REQUIREMENTS FOR NEURAL NETWORK PROCESSING
Most of the industrial neural network (NN) applications are limited to neural networks with off-line learning where learning phase and the execution (recognition) phase are separate. Such a neural network never changes during its execution and therefore lacks the flexibility needed. We contend that, in order to use neural networks in a broader range of practical applications, they have to be capable of on-line learning. On-line learning allows neural networks to adapt dynamically to changing problems. In this section, we examine this in more detail.
Ontogenic Neural Network
The advantage of a neural network is the ability to adapt to problems by changing interconnection weights on-line. However, it is very difficult to determine the topology of neural network (i.e., the number of hidden layers and units per layer) in advance of the execution. If hidden layer nodes are less than required, it is impossible for the network to learn the problem. On the other hand, if hidden layer nodes are more than required, the network overlearns the problem and, hence, has poor generalization capability. As a result, trial and error while determining the topology are inevitable to obtain optimal performance. Some neural networks, called ontogenic neural networks, try to solve this problem by letting the network autonomously determine the best topology and interconnection weights for a given problem at the execution phase [5] . Ontogenic neural networks are promising for on-line learning and are necessary for practical applications.

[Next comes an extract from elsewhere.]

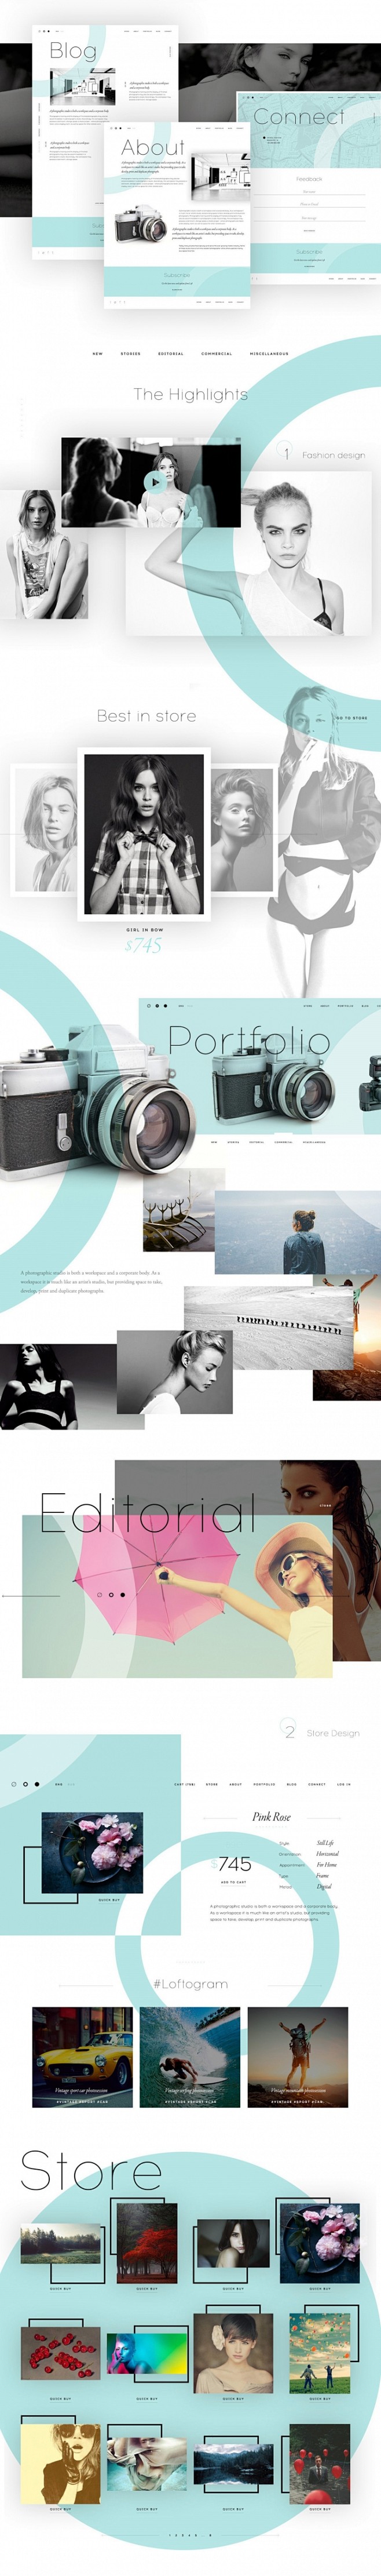 Loft 摄影工作室品牌和网站设计 设计...

Lack of Dynamically Reconfigurable Neural
Network Hardware
Even though an ontogenic neural network allows the dynamic adaptation to a problem, conventional neural network hardware systems have not provided the reconfiguration capability of the network structure that is needed during execution. To our knowledge, digital neural hardware so far have been developed mainly for acceleration of neural computation [6] . Optimal performance of neural network hardware is obtained when the logical NN structure matches the physical NN hardware structure. Therefore, dynamically reconfigurable NN hardware is a key to applications of ontogenic neural networks. In addition, NN hardware systems for industrial applications should be compact for embedded systems. Stand-alone NN hardware is preferred to back-end NN hardware like SIMD neural machines.
The GRD chip is a building block for the configuration of scalable NN hardware systems. A system built with the GRD chips can dynamically reconfigure its hardware structure to be tailored to the optimal topology without a host machine.
Learning Time
Long learning time is one of the obstacles when neural networks are used to industrial applications. This is especially significant in multilayer perceptrons (MLPs) with back propagation (BP) learning. The MLP uses the sigmoid function as a node function.
To improve the learning speed, radial basis function (RBF) networks [7] may be an appealing choice. In RBF networks, the node function is a Gaussian function where the response to inputs is more localized compared with the sigmoid function. This leads to faster convergence of up to three orders of magnitude compared with MLP [8] .
However, compared with MLP, RBF networks require a large number of hidden layer nodes, particularly for highdimensional input/output spaces (the ªcurse of dimensionalityº). This becomes an obstacle to compact implementation. Thus, a trade-off exists between learning time and size of the neural network. It was therefore our idea to mix the use of RBFs and sigmoid functions within a single architecture. Further, rather than specifying a priori how the two functions should be combined, we developed a method of using a GA to tailor the node functions in a network to a given problem adaptively. To reduce the learning time, a steepest descent method is first applied as a local learning algorithm to bring the network weights to a reasonable level. This local learning is performed in parallel by the hardware.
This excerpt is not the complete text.